The solemn assembly was the first instance in which I could feel the Lord touching my life. Standing as a woman of the Relief Society and offering my sustaining hand reminded me of my purpose - to serve. Even if that service is rejected, and even if I don't do it the way I should every time, and even when I mess up and make a muddle of things, if I focus on others and on the Lord, my focus is on the right thing. And then when I stood with the worldwide member of the Church to witness before God and my companion that I knew President Nelson to be a prophet, the Lord noticed me. I can't describe the feeling in any other way but that. I saw the Conference Center full of saints and felt a part of them. And it was almost like God was saying to me, "I see you. I see that you're trying. And I'm so proud."
And then the next talk was by Elder Taylor, who beautifully spoke about our divine identities. The clear message from the Lord was, "you belong to me. You may be imperfect, and others may judge you, but I know you, I created you, and I love you, even when you fall and especially when you get up and keep trying." The Lord reminded me who I was in a dark chapel and that feeling is a feeling I can never deny or forget.

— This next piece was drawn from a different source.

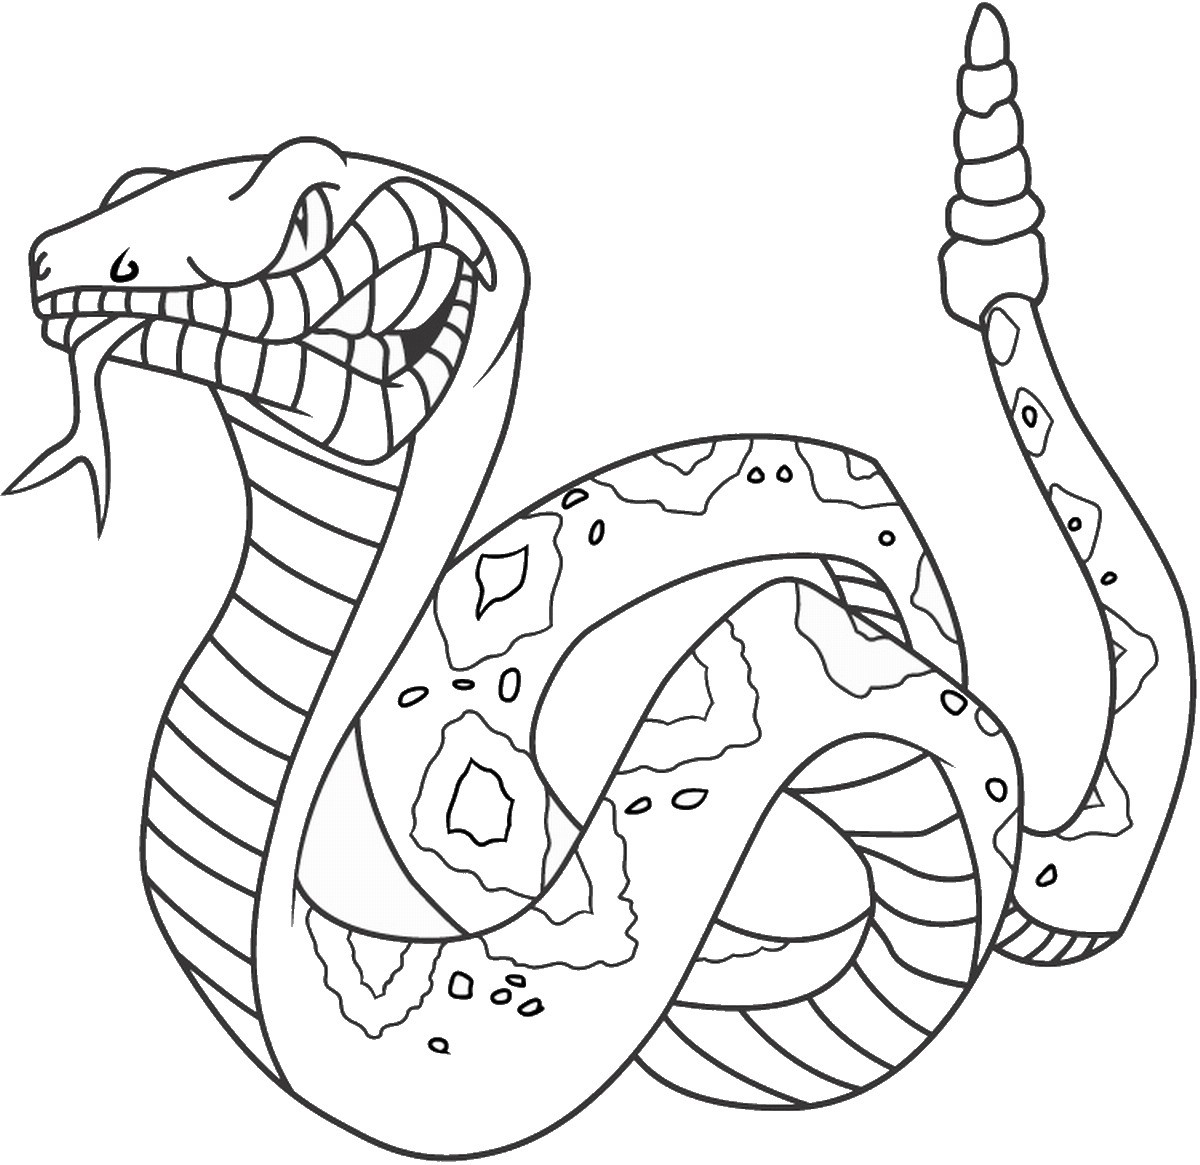 Snake Coloring Pages Printable
 Snake Coloring Pages

And then Sunday? Forget about it. It was just the greatest. To have a prophet of the Lord speak to us on Easter Sunday, the day directly analogous to the day the Resurrected Lord appeared to Mary Magdalene and conquered all the consequences of the fall of Adam, was a huge blessing. I felt all day that the green of the earth was rejoicing with my heart, singing "He is risen! He is risen!" These sacred experiences are worth every trial, every heartache, every anxious moment, every sacrifice I have to make.
This life-changing Easter week has been so wonderful. The heavens were opened for me. I felt God's constant care and His strength supporting me. And the insane spurts of personal revelation were smattered with appearances from my DAD (singing in the Tabernacle Choir)!!! So that was really cool. I still flip out every time they show him. It's really fun. 
So basically, even though I am a crazy person, and even though I experience irrational thoughts, and even though I am never as kind or as Christlike as I need to be, the Lord knows my heart. He sees how hard I try. He knows the things that I am weakest in, and He sent His Son to overcome those things for me so that I can access that strength and act. 
I know that to be true. This is my absolute testimony to you: that God loves us all. That He so loved us that He sent His Son. And that by Him, we can be saved through the grace of Christ. 
So if you are struggling for breath as you tread these troubled waters of life, please reach out to the Savior. Remember He can walk these oceans you're toiling over. Remember that He will never leave you comfortless, but as often as you call He will send strength to help you overcome. You may not immediately feel better, but you will make it. And you will be better because of it. This I know for certain.
I love you all.
Don't let those muggles get you down.